The Hong Kong government released a full report to Chinese officials on Tuesday detailing the three months of pro-democracy protests in Hong Kong.
The report has proved to be disappointing to the protestors.
The 155-page-report titled Report on the Recent Community and Political Situation in Hong Kong falls short of what protestors feel is a balanced view.
The report severely downplays the divisions between the political leaders in Hong Kong and the protestors.
After disagreement with a previous report in October, the Hong Kong government vowed to release a new report to further peace talks with the five representatives of the Hong Kong Federation of Students.
The Hong Kong government submitted the report to the Hong Kong and Macao Affairs Office of China’s State Council.
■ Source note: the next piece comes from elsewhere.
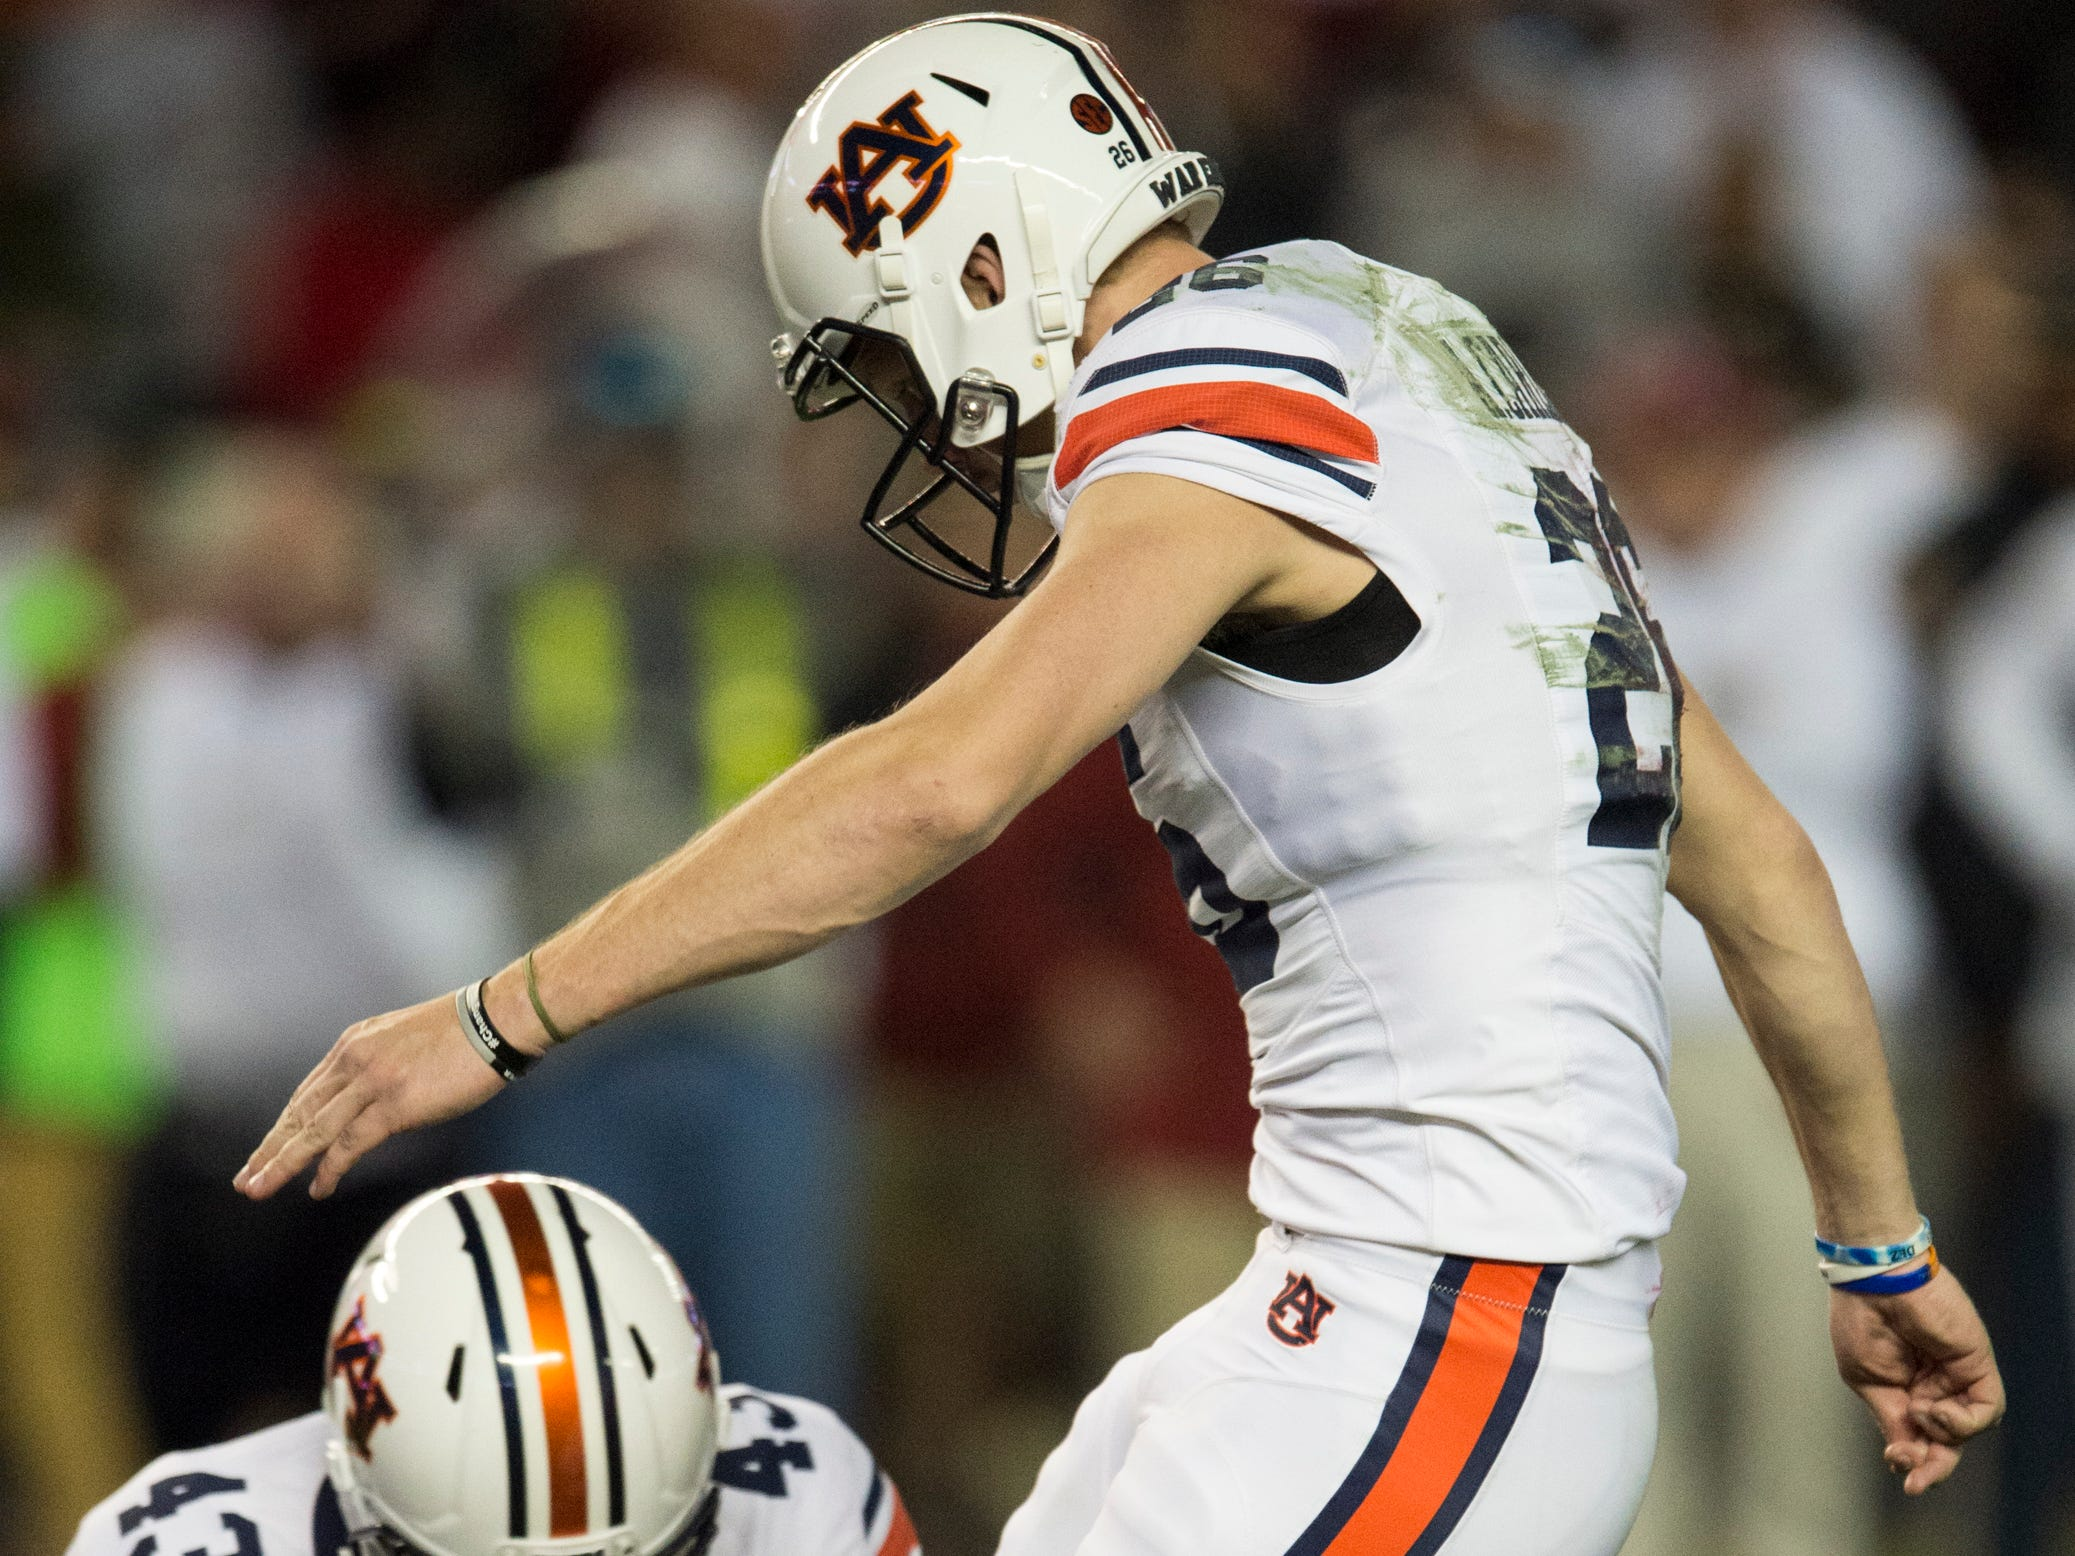 Auburn kicker Anders Carlson (26) kicks an extra point against Alabama during the Iron Bowl at Bryant-Denny Stadium in Tuscaloosa, Ala., on Saturday, Nov. 24, 2018. Alabama defeated Auburn 52-21.
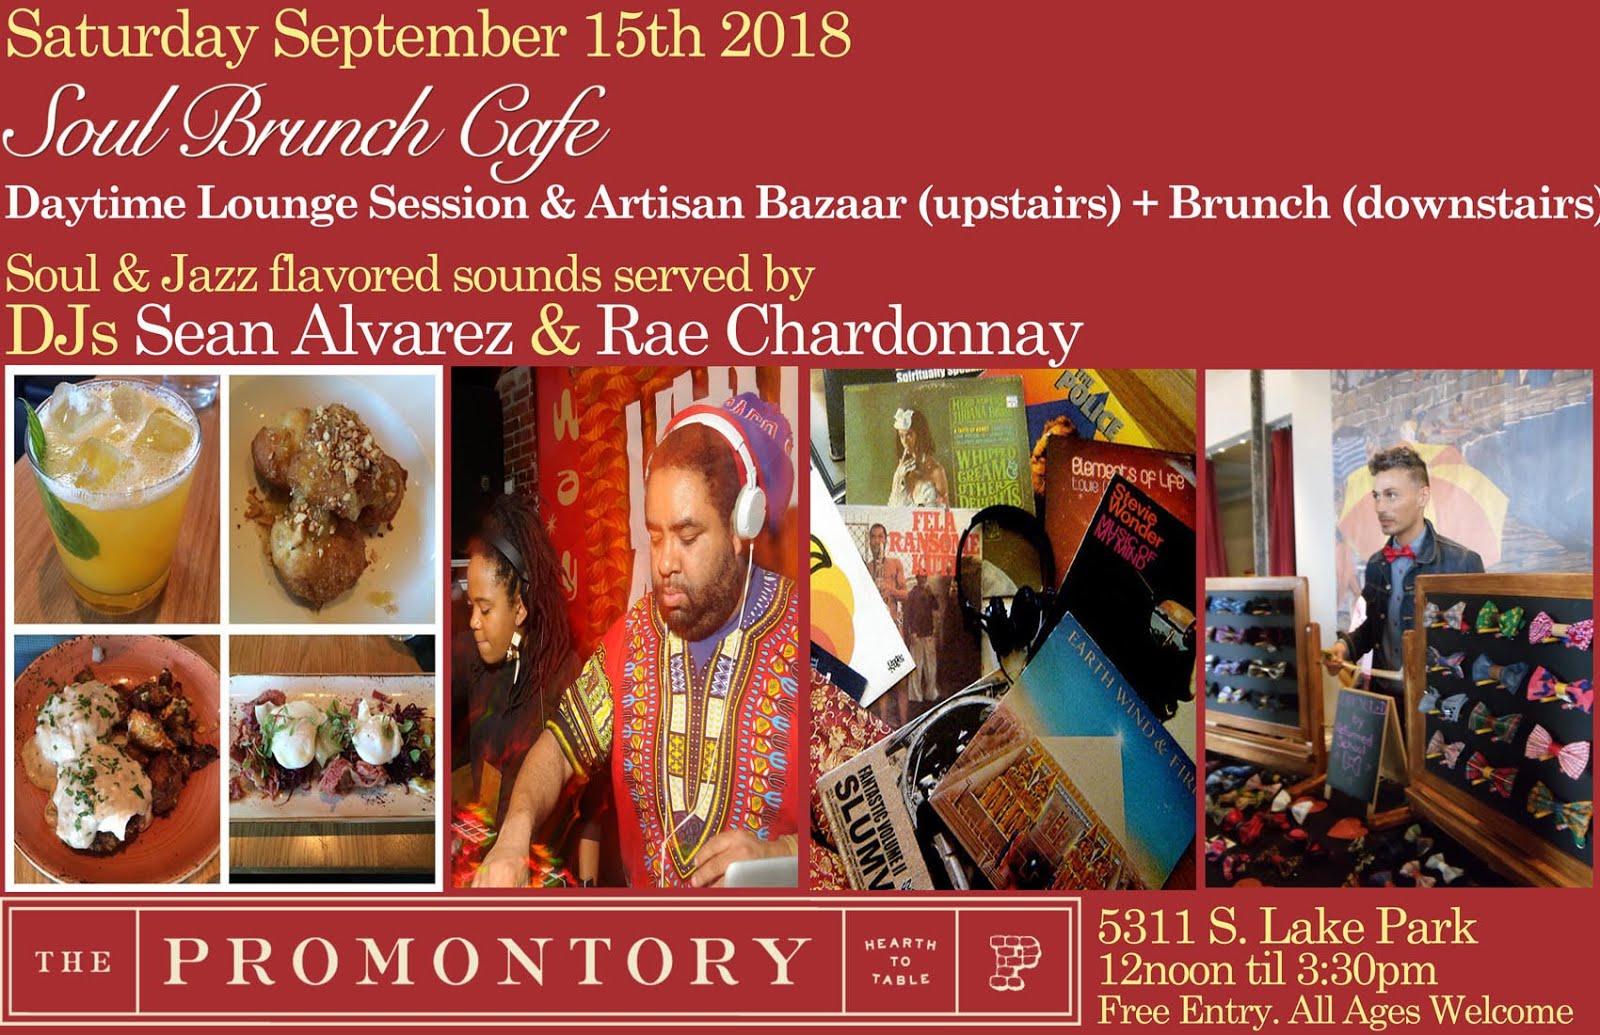 Sat Sept 15th 12noon-330pm: Soul Brunch Cafe @ The Promontory

The protestors main complaint about the new report is that it failed to directly address the political deadlock at the center of the struggle.
Joshua Wong, leader of the student group Scholarism wrote on Facebook that: “This report was meant to be a sweetener from the government after the talks with HKFFS.”
Wong further criticize the report by writing, “there’s no sugar coating on this sweetener. It’s poison.”
The Hong Kong protests grabbed international attention in the end of September when they occupied major roadways for over two months.
The protests were sparked by a decision on August 31 by China’s Standing Committee of the National People’s Congress, that any candidate running for chief executive in Hong Kong in 2017 must first be screened by the Communist Party.
The protester’s main concern was this issue that their basic democratic rights were being withheld. The central issue with this decision was the lack of free elections.
To make matters more incendiary, dozens of pro-democracy leaders in the movement have been called by officials in recent weeks and were told to prepare themselves for arrest for inciting and participating in an illegal assembly.